No universal law, no Theory of Everything. But how can we imagine this multiverse? How to describe it? Michio Kaku, a theoretical physicist, announced that « Our Universe could be just one bubble floating in an ocean of other bubbles ».
|Computer simulation. Each ray is another expanding universe|
In the film physicists watch the Standard Model begin to disintegrate like particles colliding in the cosmos. One researcher speaks of 40 years of work - disproved. For others it was a revelation, an understanding that there would (hopefully) be more revelations ahead, and it was time to move on. And I will also - to India.
It was a revelation to enter the exhibit of Indian art, and the world of Brahma and Krishna, Shiva and the devas, yogi and Sufi.

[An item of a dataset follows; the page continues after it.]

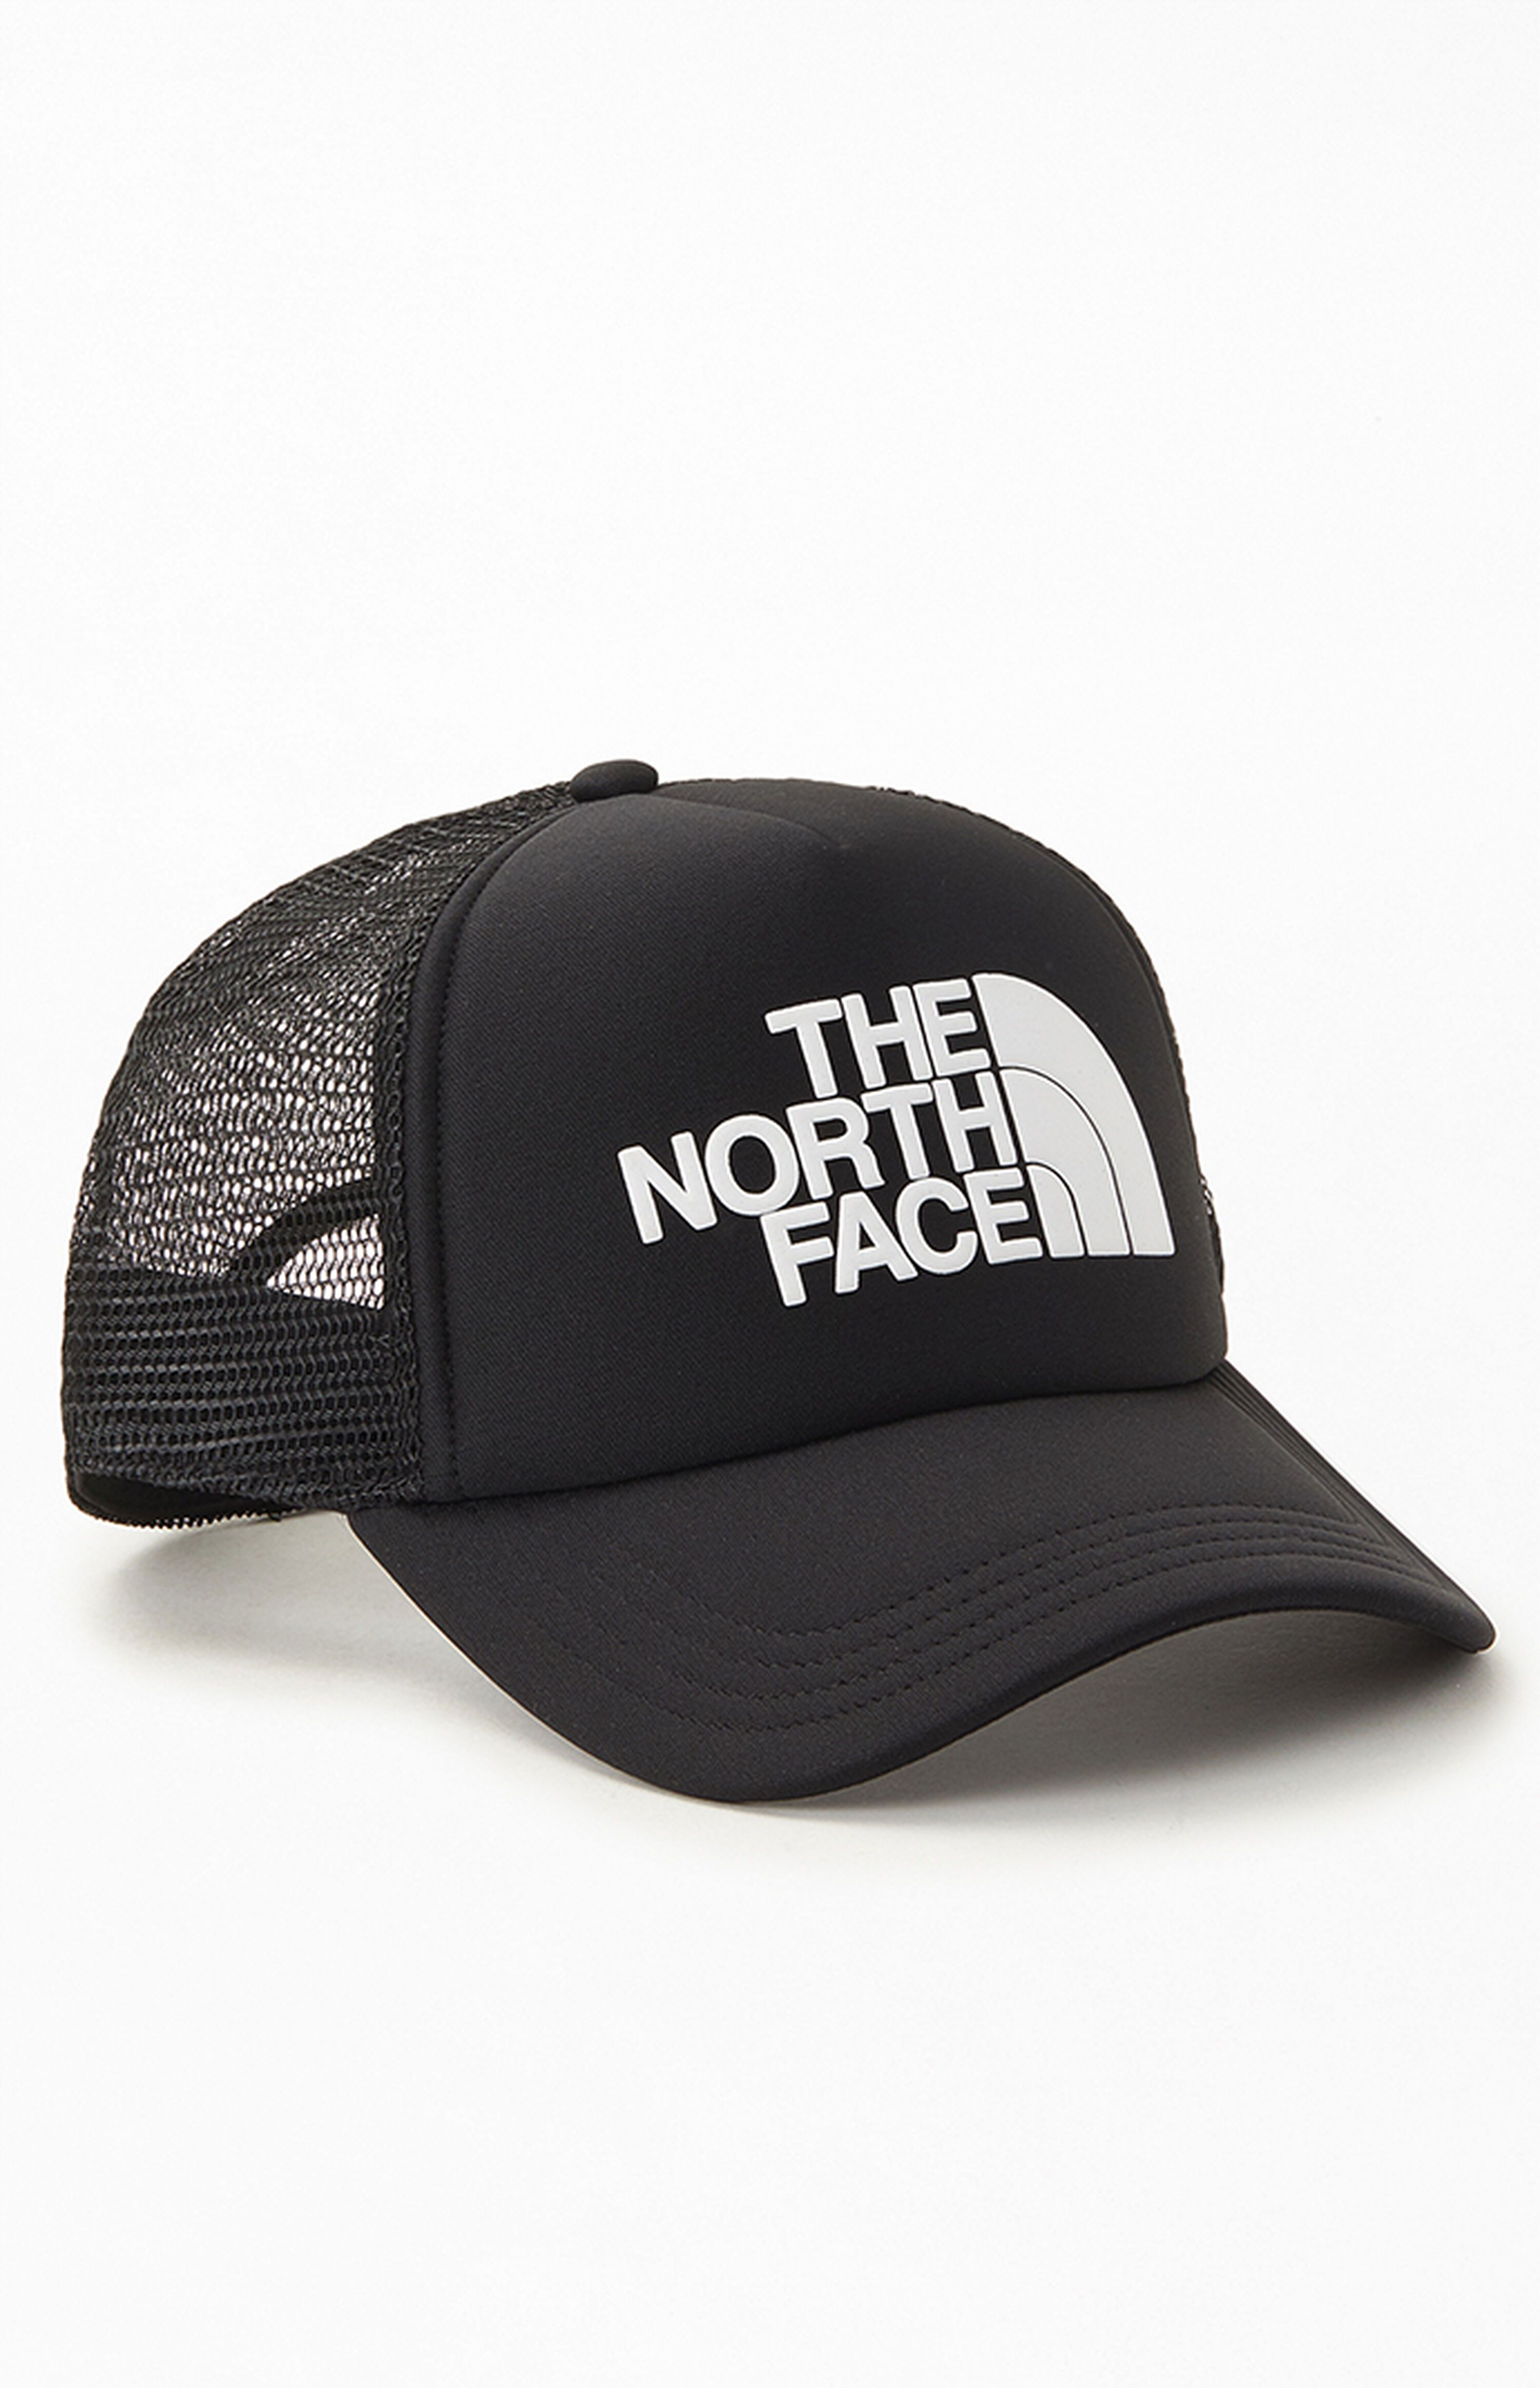 The North Face Logo Trucker Snapback Hat | PacSun | PacSun

In the Bhagavad-Gita, the Song of God, Krishna responds to Arjuna’s desire to see Entirety: "My dear Arjuna, O son of Prtha, behold now My opulences, hundreds of thousands of varied divine forms, multicolored like the sea." Bhagavad Gita, Chapter 11, Verse 5.

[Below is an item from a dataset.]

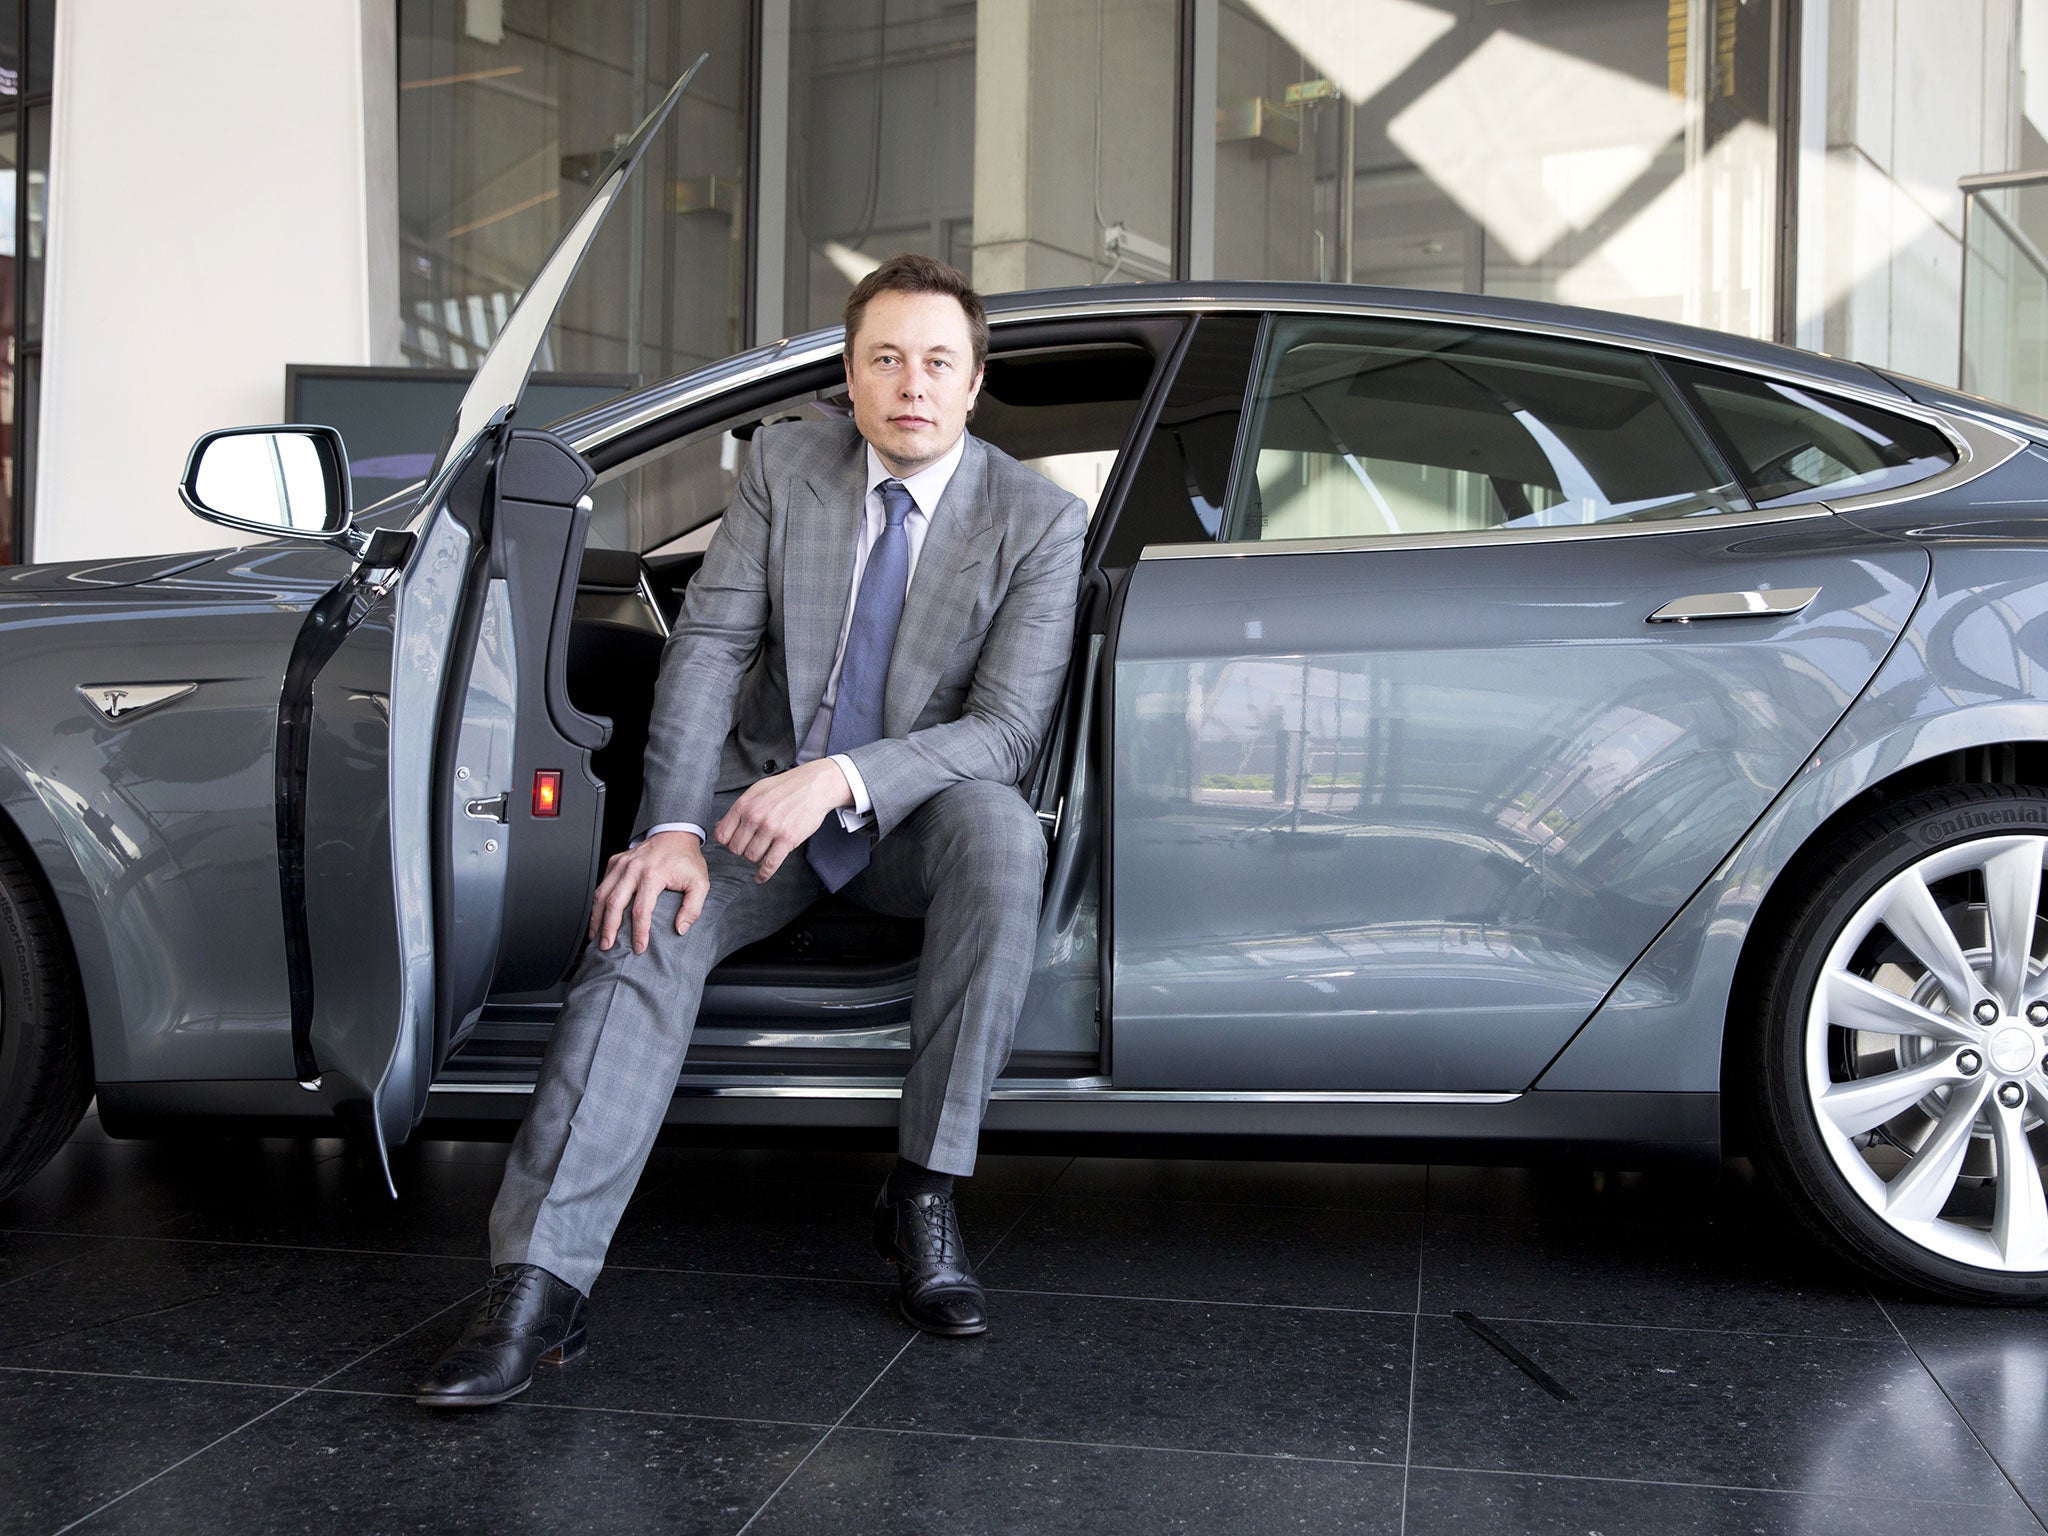 Elon Musk is also the chief executive of Tesla Motors

|Vishnuvishvarupa, "Yoga: The Art of Transformation|
There are several creation stories in Hinduism, but creation is always vast and the time scale is endless. The world is cyclic - creation and destruction, creation, preservation, destruction. It has happened a million million times, and time has no end.
And there are multiple universes. Seven dimension below and seven above - a multiverse of intention, operated by platoons of gods in a state of transcendence. The practice of yoga would allow humans that transcendence, that ultimate bliss - the answer to the problem of suffering, which is the ancient and ongoing ordeal of India.
The subtle philosophies of India have been elaborated by a forest of sages, rising above the undergrowth of ignorance and mystery. One who stands particularly tall is Abhinavagupta, who lived in the 10th century. In his Paramarthasara, he describes the workings of the universe, which correspond to the fields and forces within us. This leads him to a conclusion - that there are « numerous universes floating…..like bubbles in an ocean ». There it is - the same words the theoretical physicist used. A convergence.
But what is my point? Ha ha, you physicists, India had the answer a millennium ago and they didn’t need a ten billion dollar Large Hadron Collidor to do it? The ancients possessed greater wisdom then we do?
No. Not my point. I do believe that traditional cultures have much we must learn from in order to survive the calamities that are predicted for the future.
I do feel that industrial civilization may well be the downfall of the planet, and I do believe that applied science has created products and processes that are harmful to us.
But I am awed and made (irrationally?) hopeful by the idea that ancient understanding and modern theory can converge. I think that a coming together of the ancient and the scientific might be our only hope, if only that convergence was someone or some government’s priority.
What if climate and biological science and traditional knowledge of the earth and its life forms came together in a project as huge and well-funded as the SuperCollider. The vision is not impossible:
I think of our friend Nathaniel’s 18 months in Africa learning local cultivation practices, and the knowledge he is gaining from advanced study in health, social and biological science. He hopes to return to Africa in order to apply this new knowledge to what communities already know, in order to create sustainable solutions for their future. A true convergence. Multiversity.